Technisch gesehen diskutiert das US-Außenministerium wohl über den Einsatz klassischer VPN-Lösungen. Das Ziel ist simpel: Der Datenverkehr soll so umgeleitet werden, dass es für die besuchten Server aussieht, als käme die Anfrage direkt aus den Vereinigten Staaten. Damit ließen sich Inhalte abrufen, die in Europa aufgrund von Gesetzen wie dem Digital Services Act (DSA) blockiert sind - sei es wegen Verstößen gegen Jugendschutz, Hassrede oder Desinformation.

Dass ausgerechnet Edward Coristine, ein früherer Mitstreiter von Elon Musks Effizienz-Behörde DOGE, an der Entwicklung beteiligt ist, gibt dem Projekt eine deutliche Note. Es geht hier weniger um technische Innovation als vielmehr um ein politisches Statement gegen europäische Plattform-Regulierung. Washington sieht in den strengen EU-Vorgaben für Konzerne wie X oder Meta eine Einschränkung der Meinungsfreiheit, während Brüssel sie als notwendige Leitplanken für den digitalen Raum betrachtet.

Besonders pikant ist das Versprechen, keine Protokolle über die Nutzung zu führen.

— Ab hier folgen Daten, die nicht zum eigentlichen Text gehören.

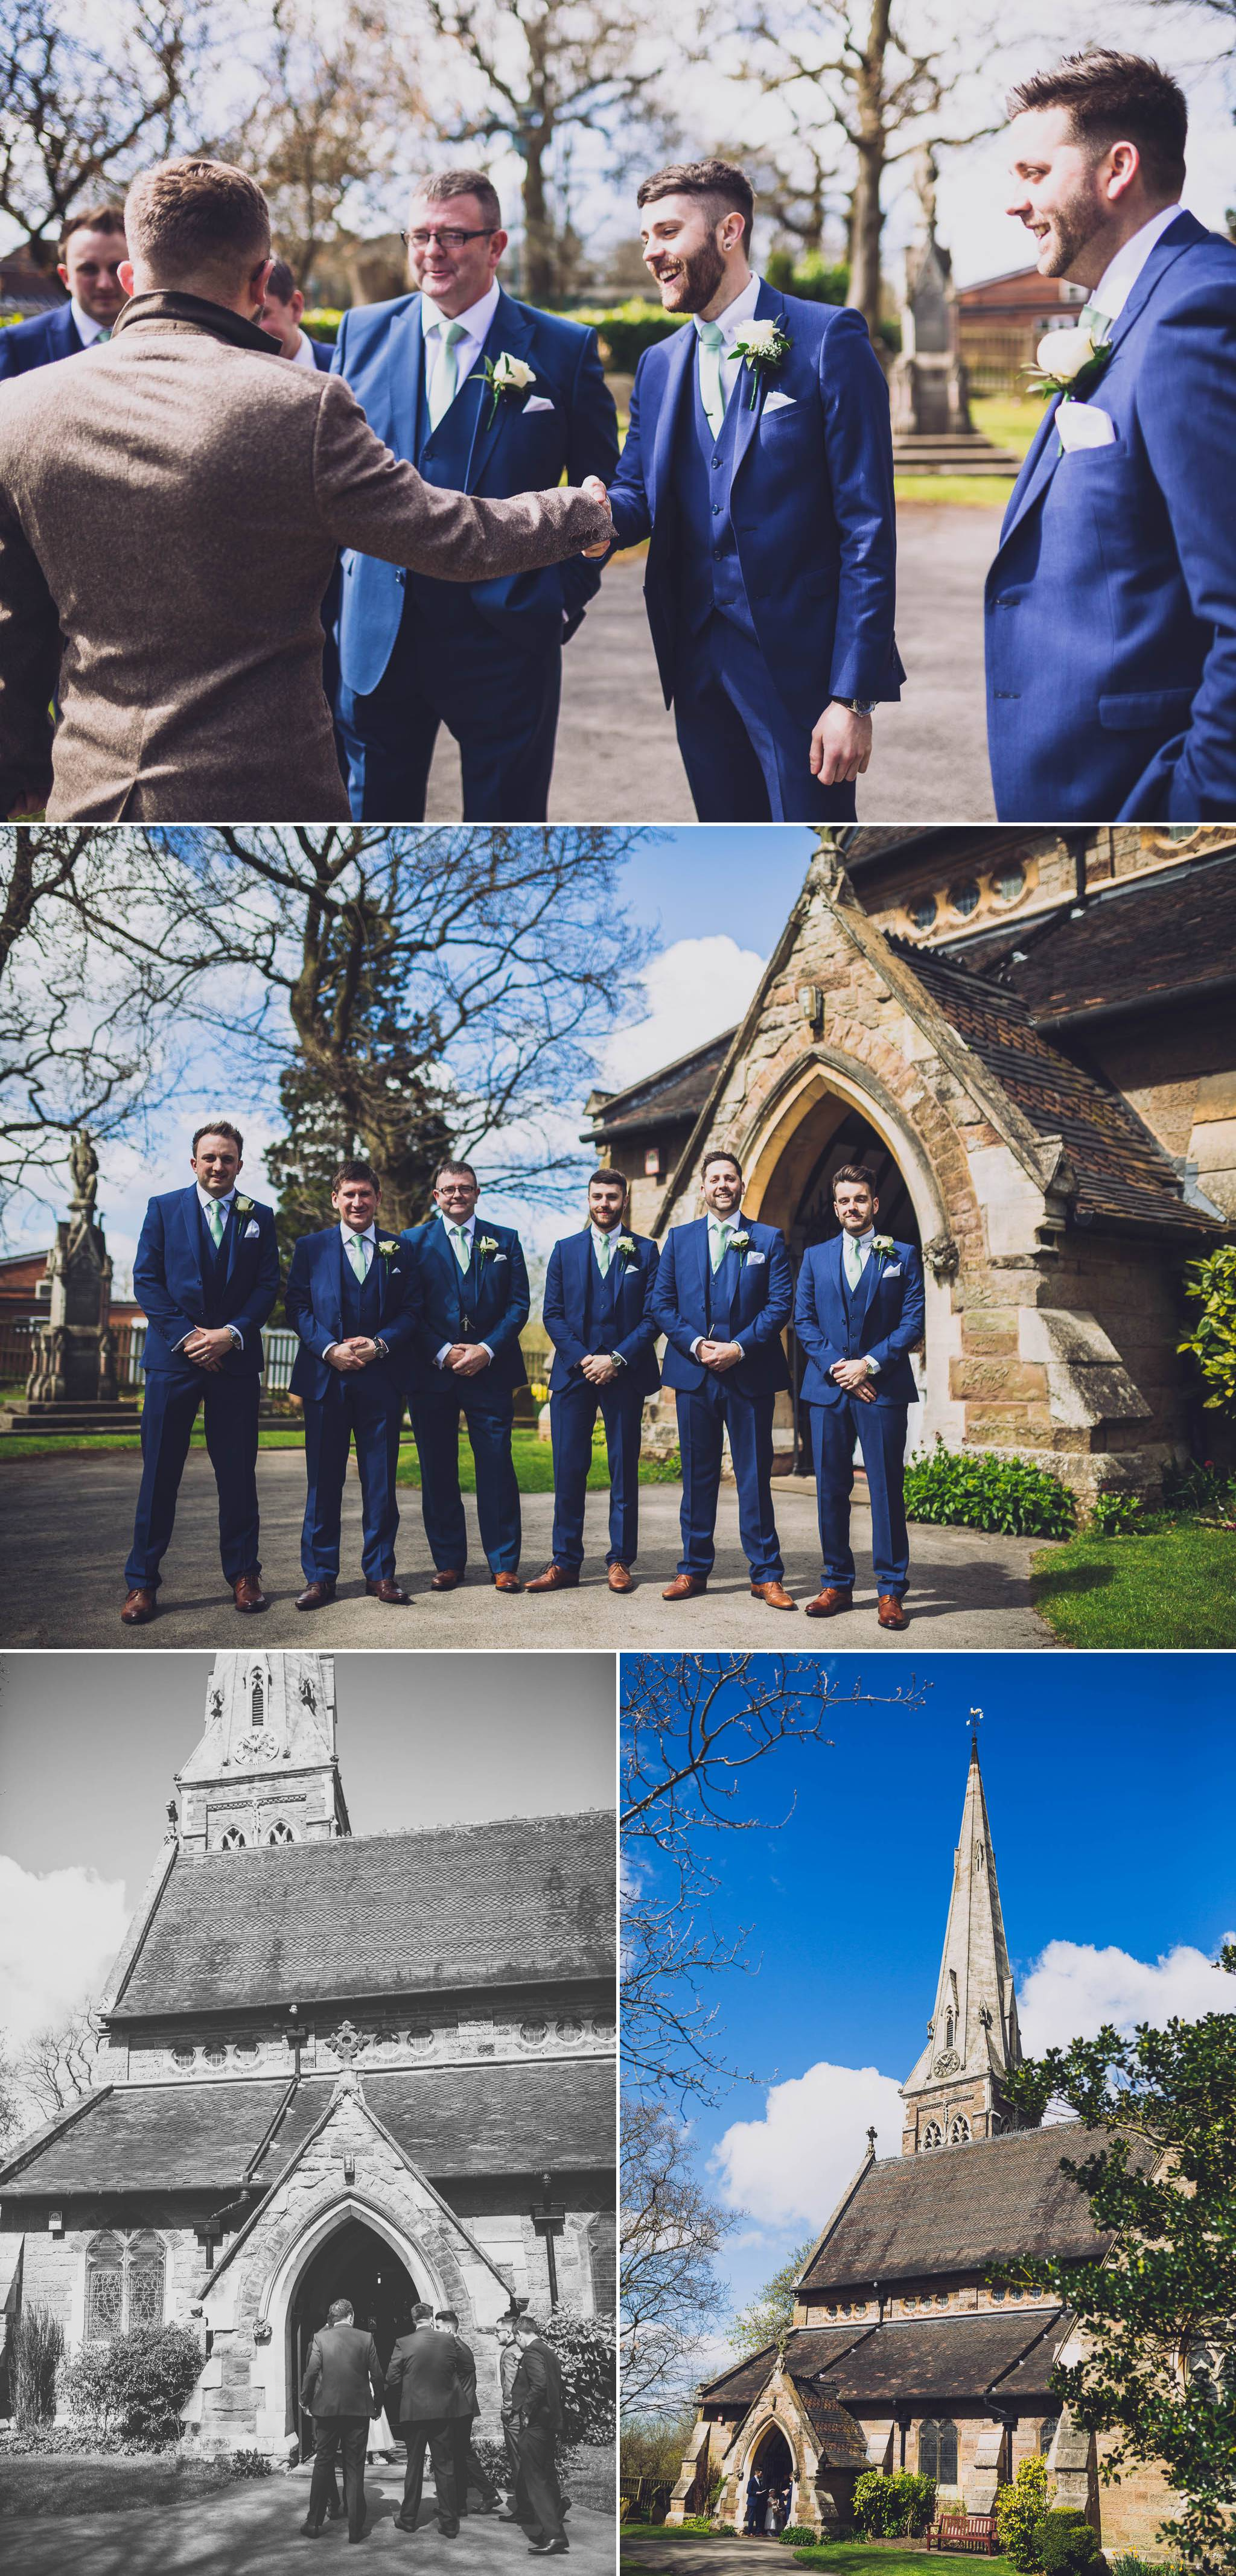 warwickshire-wedding-photographer 5.jpg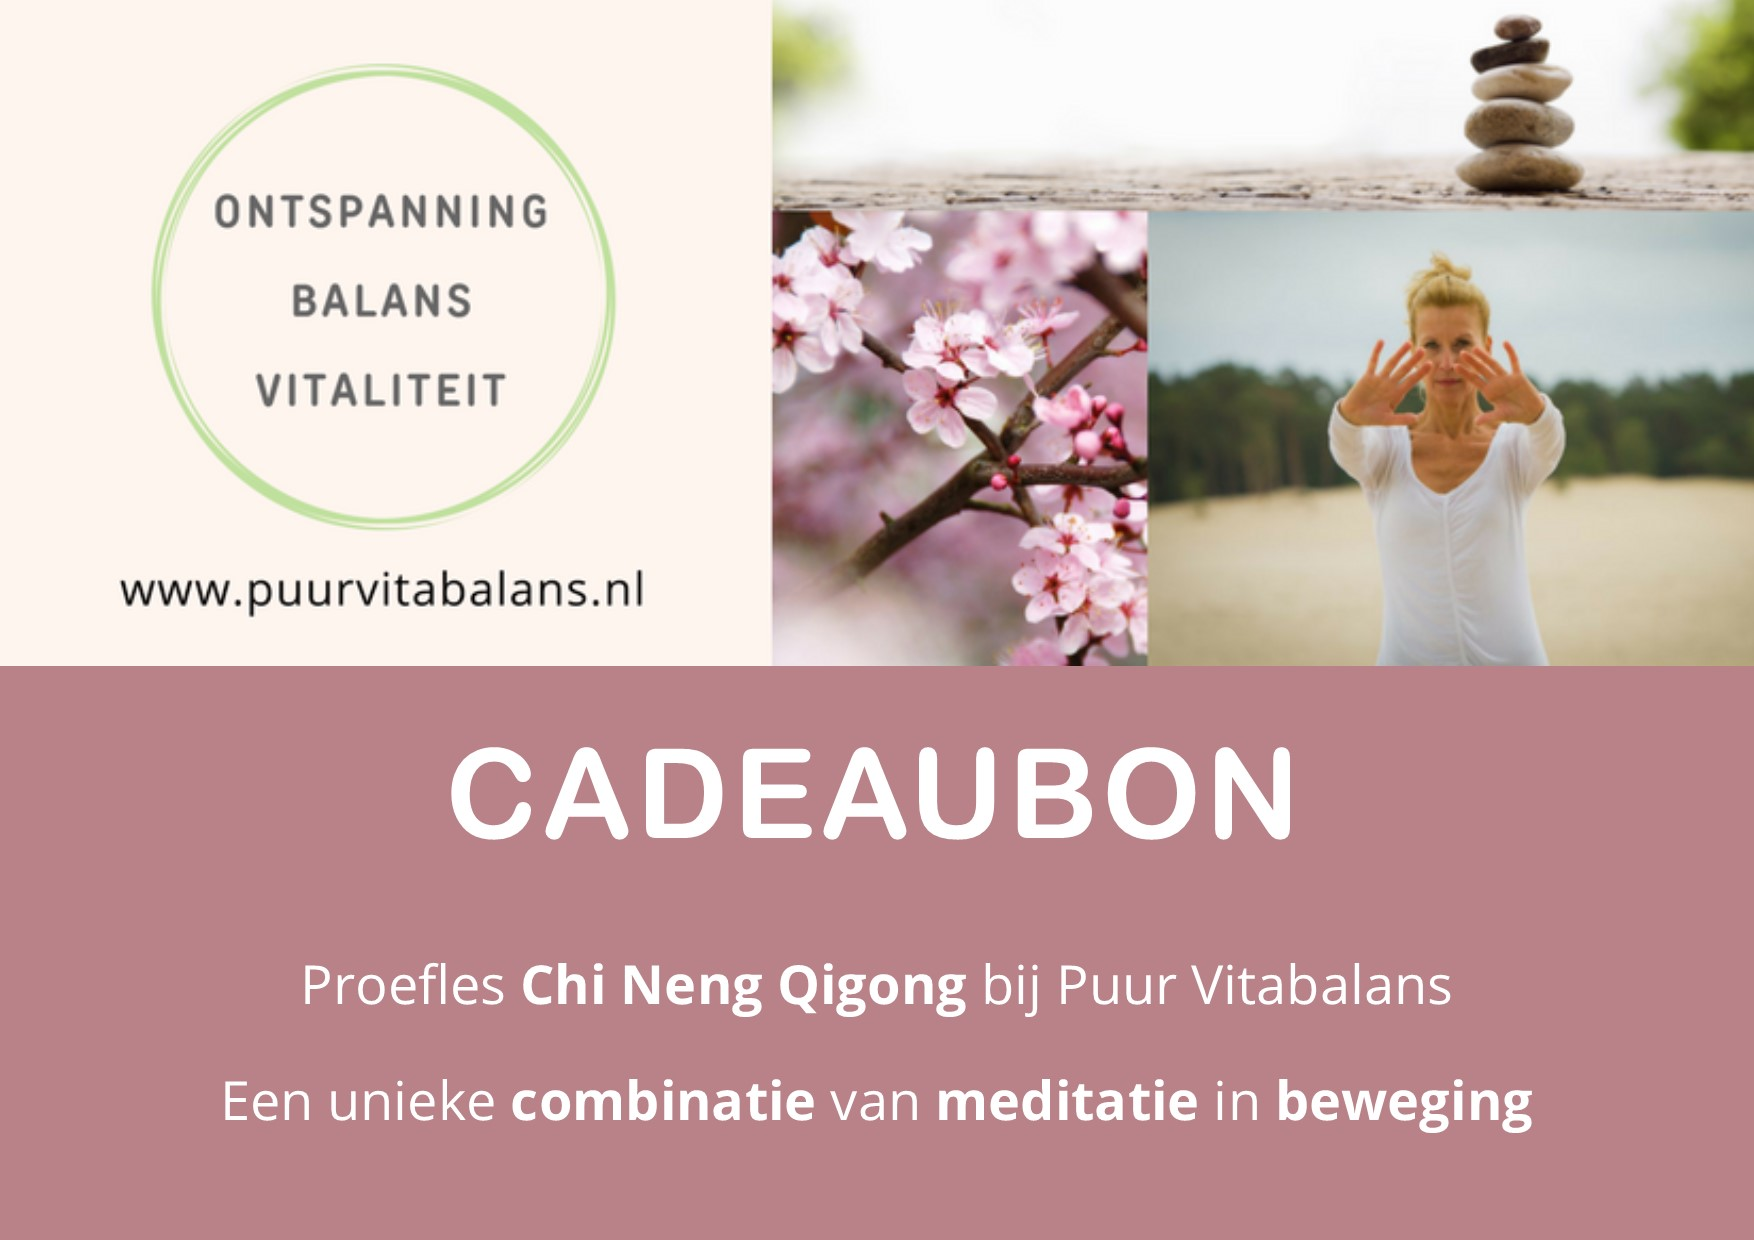 Puurvitabalans.nl HHL

Ein staatlich betriebenes VPN, das Anonymität garantiert, ist in der Tech-Welt normalerweise ein Oxymoron. Ob europäische Internetnutzer tatsächlich darauf vertrauen, dass ihre Daten beim US-Außenministerium in den besten Händen sind, bleibt abzuwarten. Ursprünglich sollte das Projekt wohl im Rahmen der Münchner Sicherheitskonferenz vorgestellt werden, doch man entschied sich kurzfristig für einen späteren Zeitpunkt.

Am Ende könnte freedom.gov zu einem kuriosen digitalen Wettrüsten führen. Während die EU versucht, den Wilden Westen der sozialen Medien zu zähmen, bietet die US-Regierung nun die passenden Tunnelgräber-Tools an, um die Zäune zu unterwandern. Es ist eine Form der Diplomatie, die man bisher eher aus der Grauzone der Internet-Subkultur kannte.